Im Brandgebiet Ebor wüteten die Flammen noch drei Tage später, 10.000 Hektar Buschland waren niedergebrannt. Insgesamt wurden durch die Buschbrände in Australien in den vergangenen Tagen mehr als eine Million Hektar Land verwüstet, vier Menschen kamen ums Leben. Die Behörden gehen davon aus, dass die Brände an etlichen Stellen durch Brandstiftung hervorgerufen wurden.

Verheerende Buschbrände: Australische Behörden rufen höchste Warnstufe aus

+++ 11.50 Uhr: Ex-Militärchef Rajapaksa gewinnt Präsidentschaftswahl in Sri Lanka +++

Sri Lankas ehemaliger Militärchef Gotabaya Rajapaksa ist als Sieger aus der Präsidentschaftswahl hervorgegangen. Er erhielt nach Auszählung aller Stimmen 52,25 Prozent, wie die Wahlkommission mitteilte. Sajith Premadasa von der Regierungspartei UNP kam auf 41,99 Prozent.

+++ 11.26 Uhr: Schneechaos in Südtirol - Unwetter in ganz Italien +++

Sturm, Schnee und Dauerregen: Unwetter sind über große Teile Italiens hinweggezogen. In Südtirol herrschte Schneechaos. Die Brennerautobahn war zwischen Brixen und Sterzing wegen heftiger Schneefälle gesperrt, teilte die Verkehrsleitzentrale mit. Im Ort Martell sei eine Lawine abgegangen, einige Häuser seien beschädigt worden, Verletzte gebe es aber vermutlich nicht, berichtete der Fernsehsender Rai Südtirol. "Heute herrscht im Großteil Südtirols "große" Lawinengefahr Stufe 4", erklärte Landesmeteorologe Dieter Peterlin auf Twitter.

+++ 10.51 Uhr: Zwei Passagiermaschinen am Frankfurter Flughafen kollidiert - Niemand verletzt +++

Am Frankfurter Flughafen sind am Samstagabend zwei Passagiermaschinen zusammengestoßen. Bei dem Vorfall gegen 18 Uhr sei niemand verletzt worden, sagte eine Sprecherin von Fraport. Der Gesamt-Flugbetrieb sei durch die Kollision der Maschinen von Korean Air und Air Namibia nicht gestört worden. Die Flieger waren aus noch ungeklärter Ursache nach ihrer Landung zusammengestoßen. Zum Unfallhergang und der Ursache nahm die Bundesstelle für Flugfalluntersuchung die Ermittlungen (BFU) auf.
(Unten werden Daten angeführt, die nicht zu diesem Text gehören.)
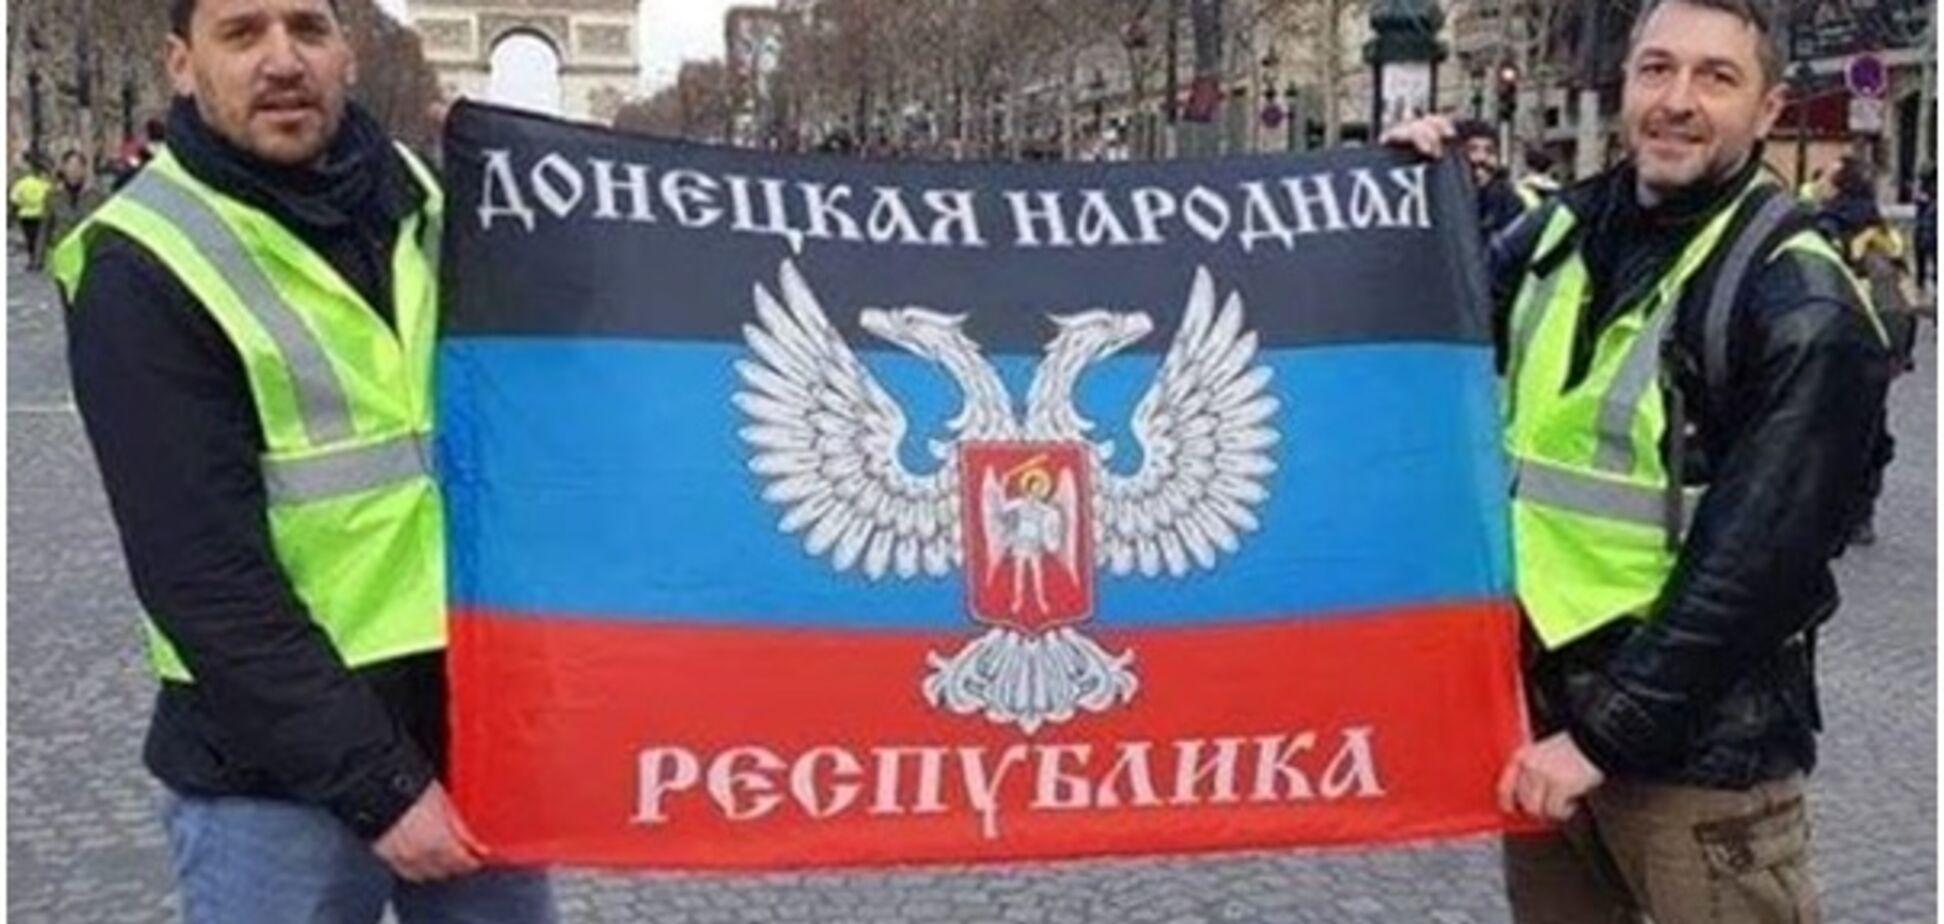 Європа в обіймах ''русского міра''

Beide Maschinen wurden beschädigt: Nach ersten Erkenntnissen wurde ein Flieger an der Tragfläche, der andere am Höhenleitwerk beschädigt, wie ein Sprecher der BFU der Nachrichtenagentur AFP sagte. Zur Schwere der Schäden und der Unfallursache könne zum jetzigen Zeitpunkt noch nichts gesagt werden. Hierfür müssten noch zahlreiche Daten ausgewertet werden wie die Flugschreiber der Maschinen, die Zeugenaussagen der Piloten, die Flugfunkgespräche und Wetterinformationen.

+++ 10.09 Uhr: Mehr als 50.000 Unterstützer für Petition zur Anerkennung Taiwans +++

Die Bundesregierung muss nach einem "Spiegel"-Bericht ihre Taiwan-Politik öffentlich erklären. Eine Petition beim Bundestag, die eine diplomatische Anerkennung der von China beanspruchten Insel fordere, habe die Hürde von 50.000 Unterstützern genommen, berichtet das Magazin. Um China und die Bundesregierung nicht zu brüskieren, habe der Petitionsausschuss des Bundestages die Veröffentlichung der Petition anfangs untersagt. Eine öffentliche Anhörung sei nun aber am 9. Dezember geplant.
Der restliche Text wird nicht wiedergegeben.